Летом 1937-го Успенского вызвали в Москву. В кабинете секретаря Ежова, всемогущего Дейча
, его уже ждал Курский. Прямо с Лубянки поехали на квартиру к Курскому. Посидели, выпили.
– С наркомом я обо всем договорился, – торжествующе сказал Курский. – Поедешь на самостоятельную работу в Оренбург. Ежов подбирает свою команду, и я за тебя поручился. Понимаешь?
Конечно, Успенский понимал. Поэтому за здоровье Курского он пил с особым чувством. Жизнь начинала казаться ему все лучше и лучше, но на всякий случай он честно спросил:
– А наркома не смущает то, что я был близок с Ягодой?
– Не бойся Николай Иваныча. Ты же видишь – он многих ягодинцев (Успенский внутренне отметил: звучит почти как «якобинцев») оставил на работе, а кое-кого даже продвигает. Главное, хорошо работай.
Больше Успенский своего «крестного отца» никогда не видел – в 1937-м «не страшащийся Ежова» начальник СПО НКВД Курский пустил себе пулю в висок. Он знал, что той же ночью за ним должны прийти…
Но о судьбе Курского Успенский старался тогда не думать. Жизнь шла в гору. У начальства был он на хорошем счету. В Оренбургской области почистил так много народу, что заслужил публичную похвалу самого Ежова. В июле 1937-го на банкете в квартире у Реденса
нарком, изрядно приняв на грудь, – о слабостях Ежова на Лубянке знали все, да и много ли ему, карлику, было надо, – начал громогласно расхваливать начальника Оренбургского УНКВД.

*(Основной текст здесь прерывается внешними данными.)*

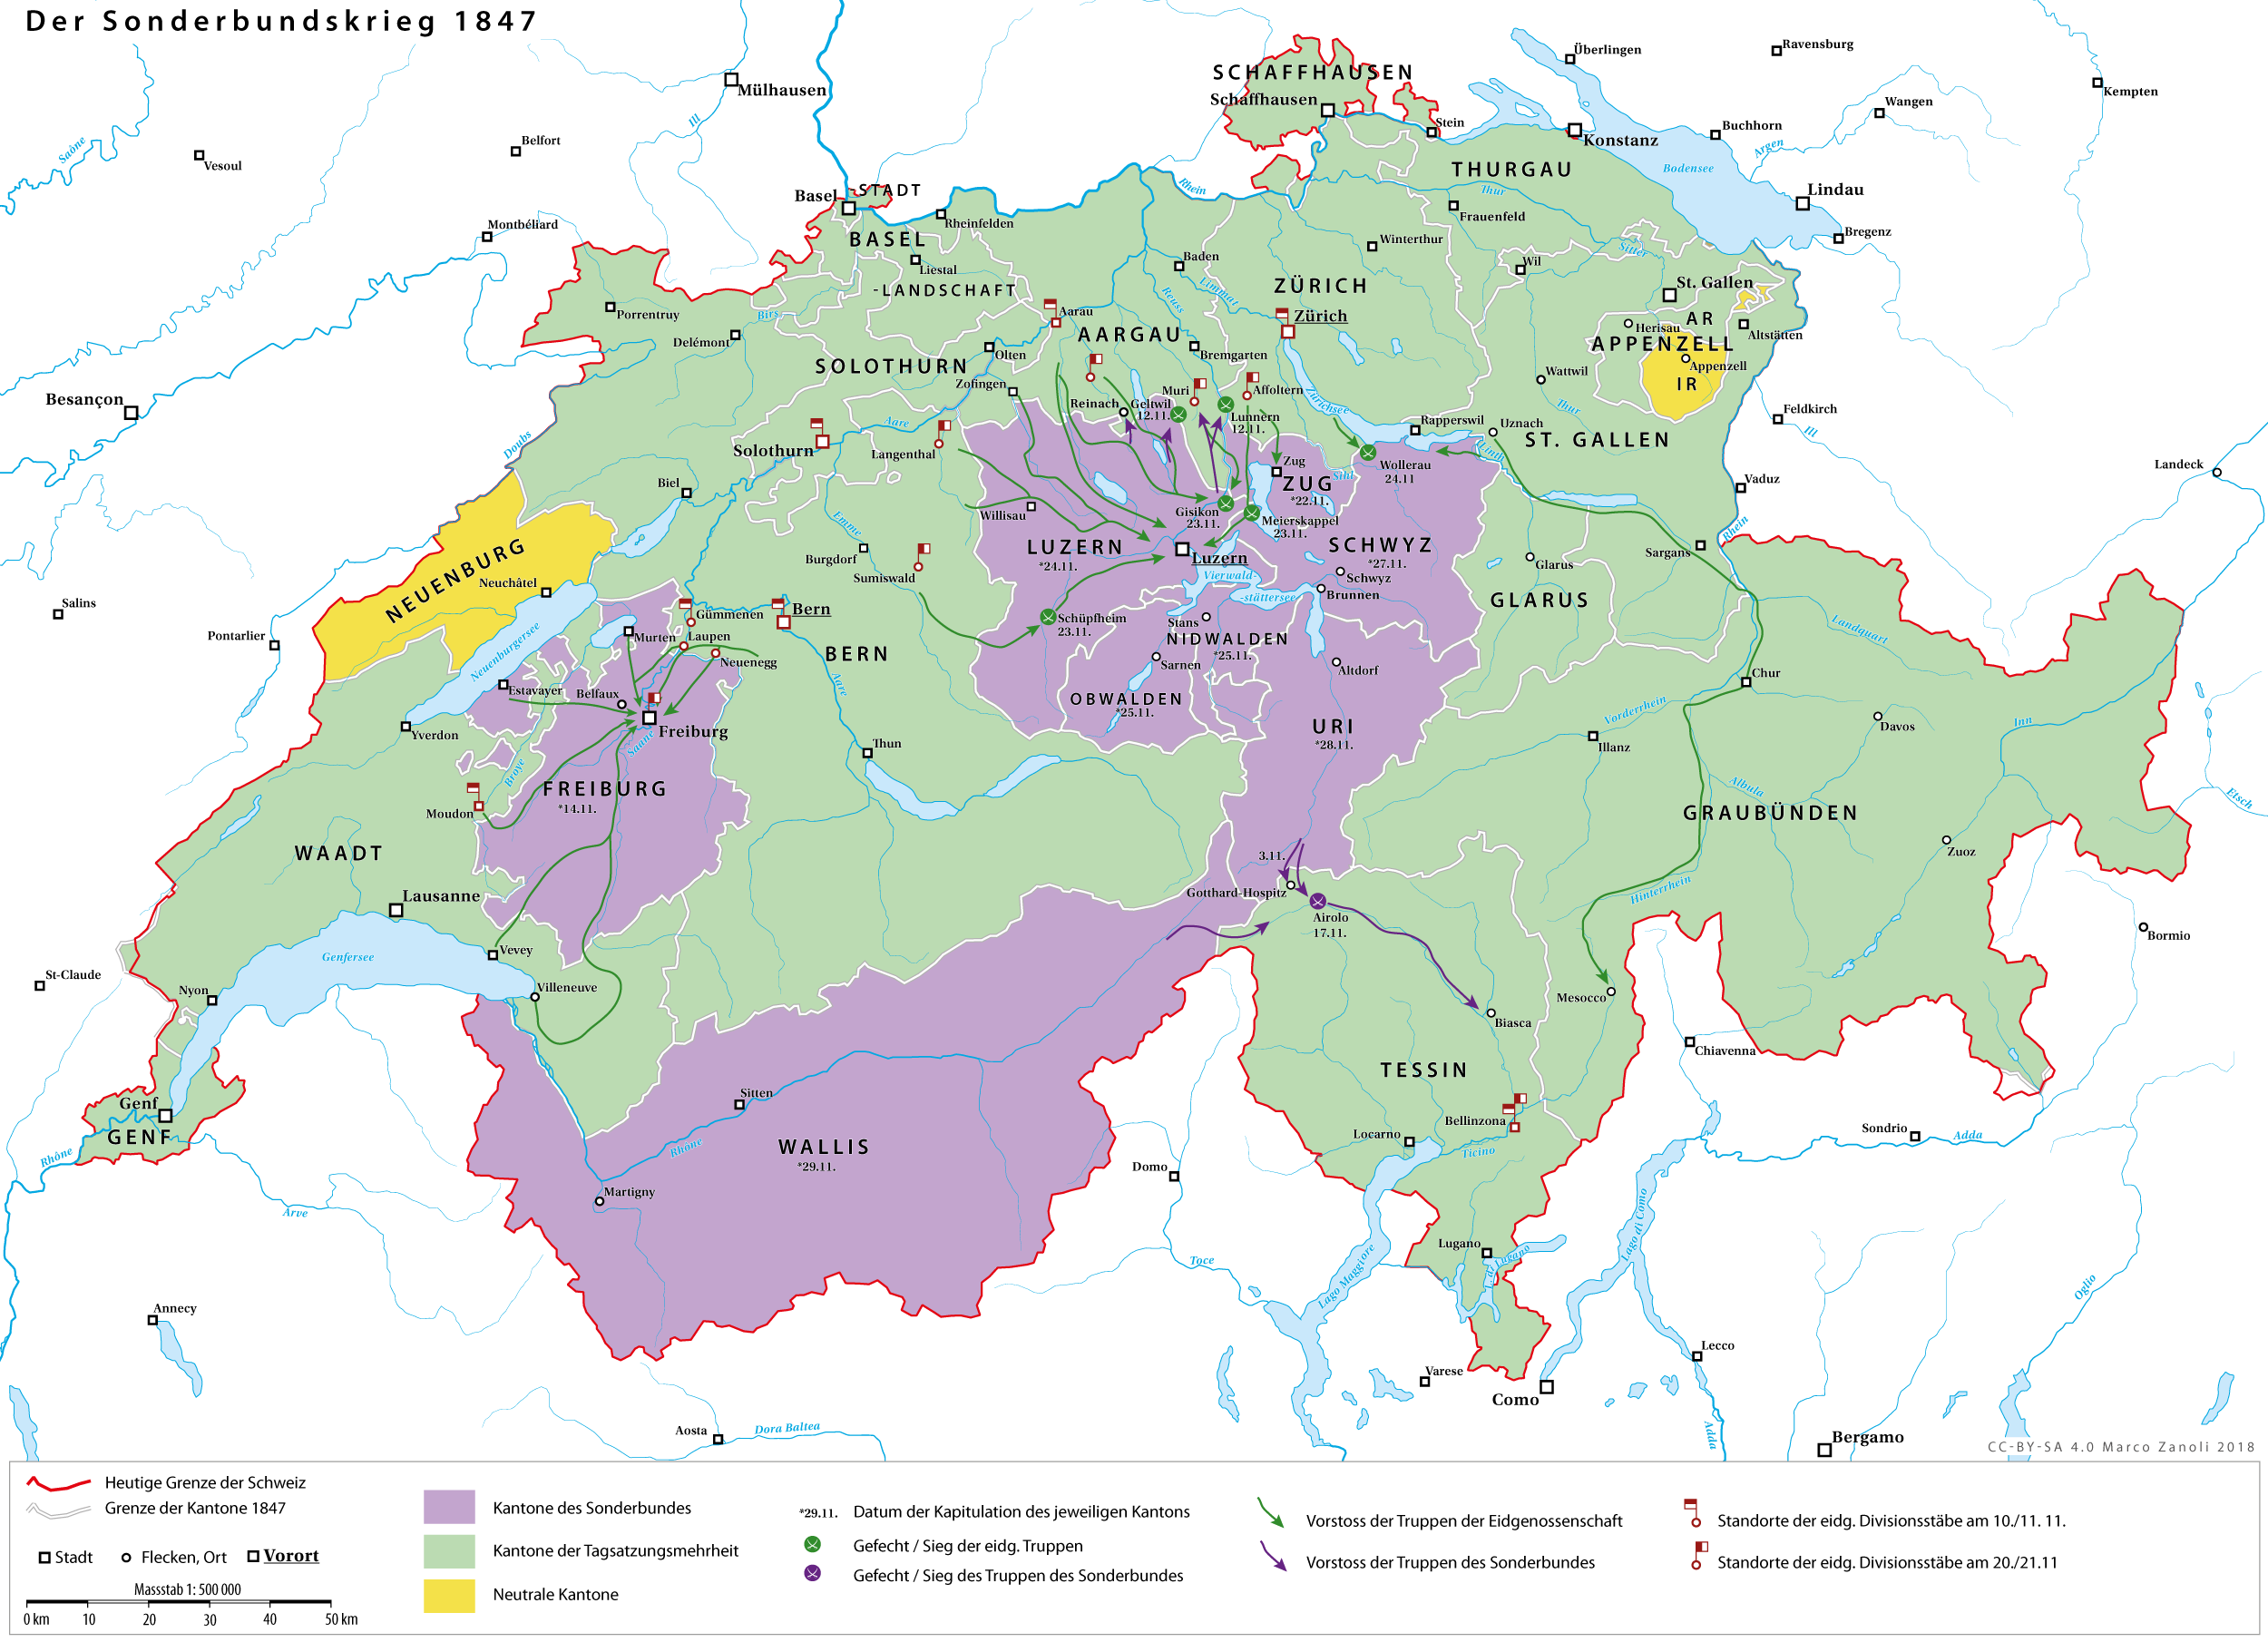 blog318-08_karte_sonderbundskrieg_1847.png

– Учитесь у Успенского, – почти кричал Ежов, – вот что значит хороший работник. И мужик он тоже хороший – настоящий чекист, не чета всяким нюням. Вот вы, – он оглядел притихших за столом комиссаров, – побаиваетесь каких-то никчемных секретарей обкома. Хера! Мы – это все. Мы – это власть.

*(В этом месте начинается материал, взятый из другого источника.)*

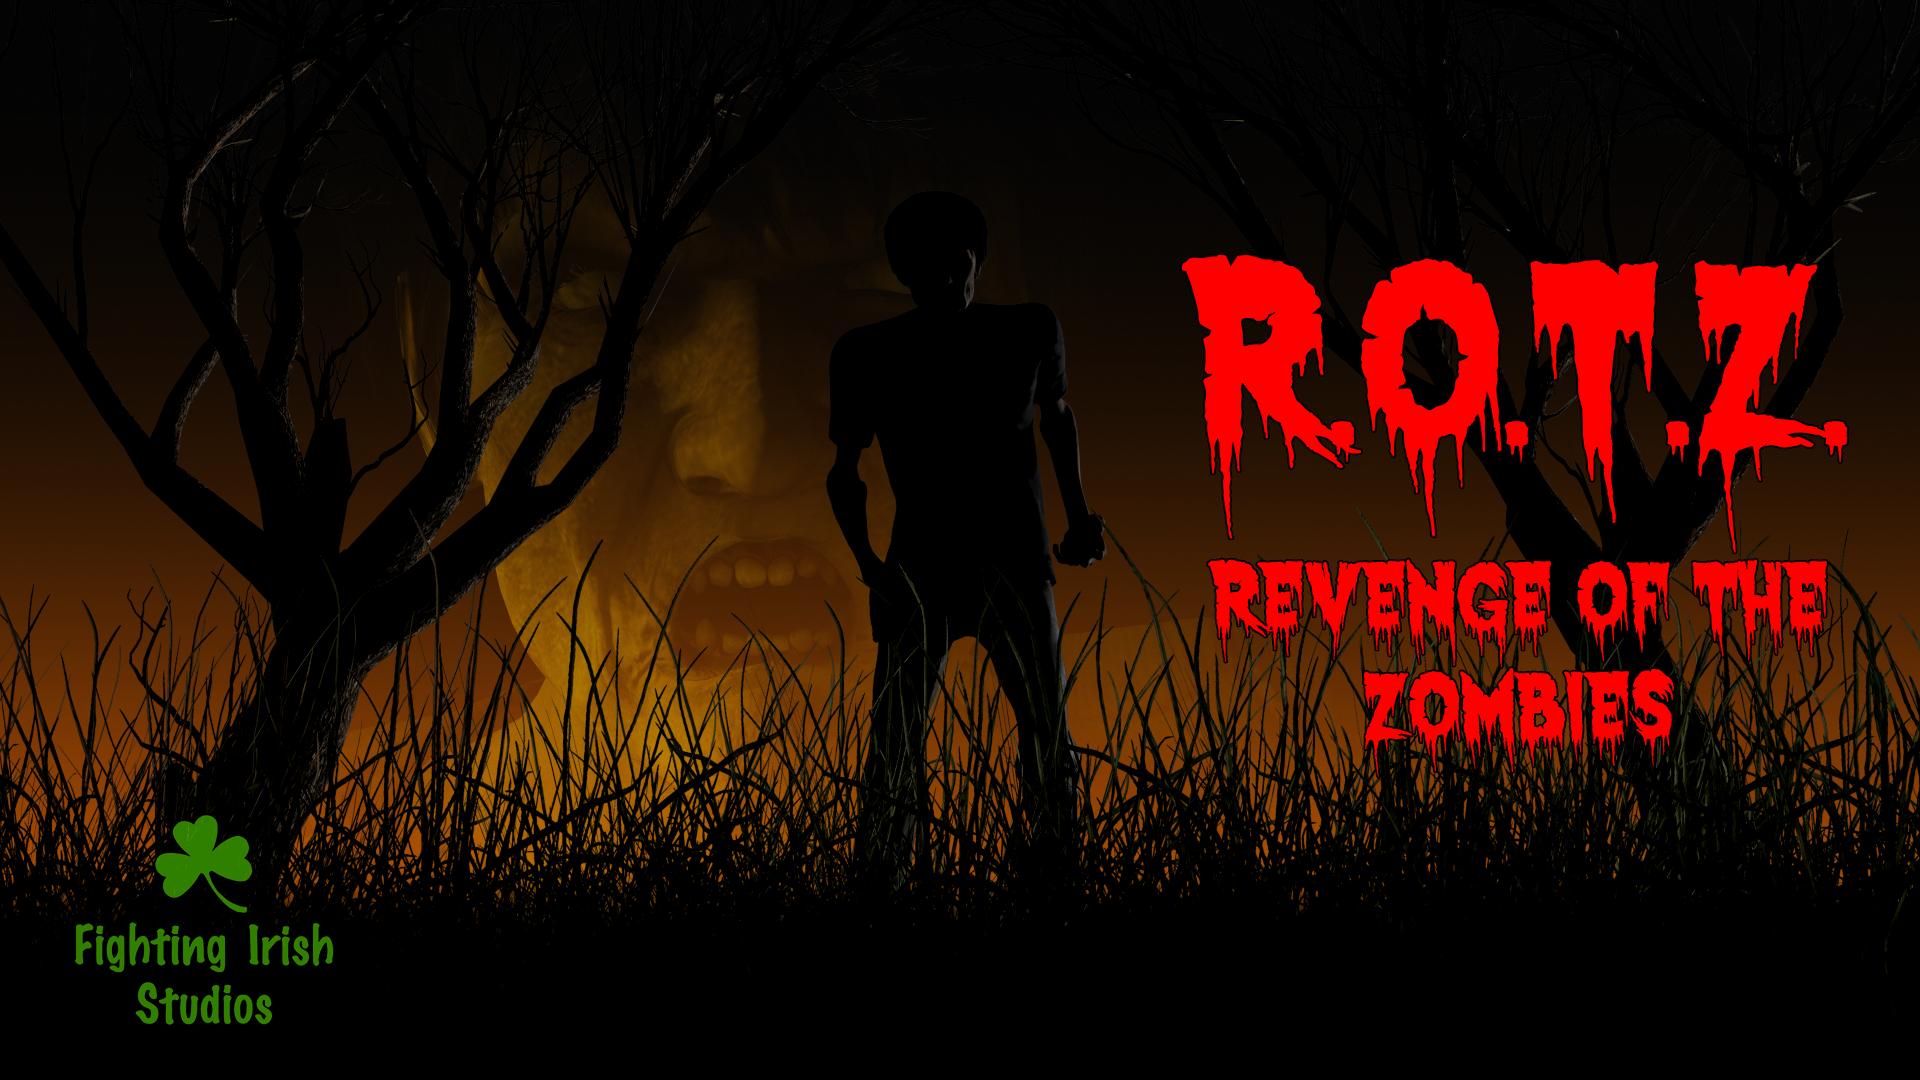 ROTZ: Revenge of the Zombies by Fighting Irish Studios

– А ты, Успенский, не боись, – снова обратился Ежов к Успенскому, – я тебя не обижу. Скоро пойдешь на новую работу.
Ясное дело, после таких слов сердце у Успенского пело, а руки чесались. Надо было показать, что Ежов в нем не ошибается. Репрессии в Оренбурге пошли постахановски. Т а к, что даже в ЦК на это обратили внимание. Осенью Успенского вызвали лично к Сталину.
Не без опаски входил он в Кремль – такой знакомый и такой чужой. Чем закончится разговор с вождем? В Центре предупредили: ЦК недоволен. Говорят, будто он сознательно истребляет партийные кадры.
… Сталин смотрел не мигая, как удав, точно гипнотизировал:
– А скажите нам, Успенский, враг народа Ягода не завербовал ли вас?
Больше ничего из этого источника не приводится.